Defence Minister Peter MacKay approved a secret electronic eavesdropping program that scours global telephone records and Internet data trails – including those of Canadians – for patterns of suspicious activity.
Mr. MacKay signed a ministerial directive formally renewing the government’s “metadata” surveillance program on Nov. 21, 2011, according to records obtained by The Globe and Mail. The program had been placed on a lengthy hiatus, according to the documents, after a federal watchdog agency raised concerns that it could lead to warrantless surveillance of Canadians.
There is little public information about the program, which is the subject of Access to Information requests that have returned hundreds of pages of records, with many passages blacked out on grounds of national security.
It was first explicitly approved in a secret decree signed in 2005 by Bill Graham, defence minister in Paul Martin’s Liberal government.
It is illegal for most Western espionage agencies to spy on their citizens without judicial authorization. But rising fears about foreign terrorist networks, coupled with the explosion of digital communications, have shifted the mandates of secretive electronic-eavesdropping agencies that were created by military bureaucracies to spy on Soviet states during the Cold War.

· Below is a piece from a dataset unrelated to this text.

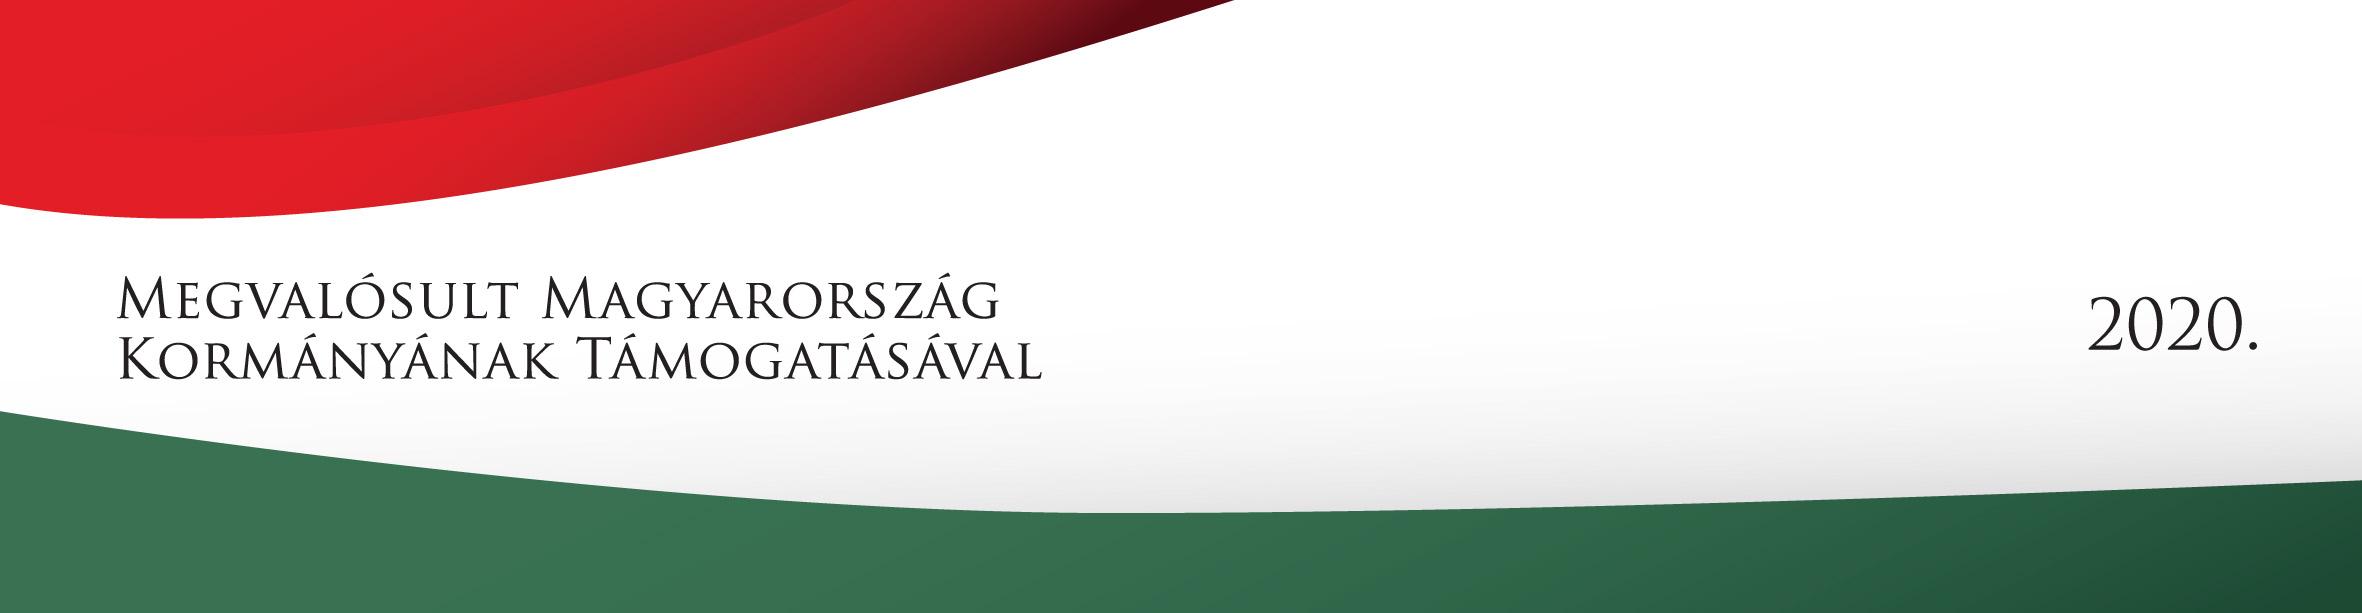 megvalosult_magyarorszag_kormanyanak_tamogatasaval_2020

The Canadian surveillance program is operated by the Communications Security Establishment Canada (CSEC), an arm of the Department of National Defence.
In recent days, disclosures of secret surveillance programs operated by the U.S. National Security Agency have set off a storm of debate. Leaked documents and accounts have described an NSA project known as PRISM that allegedly gives the agency access to data from nine U.S. Internet companies including Google and Facebook. Another leaked document describes the existence of a government program that collects the “telephony metadata” surrounding millions of phone calls placed by Americans every day, without anyone listening to the actual conversations.
In Canada, a similar sensibility – though not the same sweep – appears to have also taken root. “Metadata is information associated with a telecommunication … And not a communication,” reads a PowerPoint briefing sent to Mr. MacKay in 2011. “Current privacy protection measures are adequate,” officials said, as they sought renewal of the Canadian metadata program.
CSEC and the NSA take pains to distinguish between the contents of a communication (which is out of bounds legally, if it involves a citizen) and the surrounding metadata (which is considered in play).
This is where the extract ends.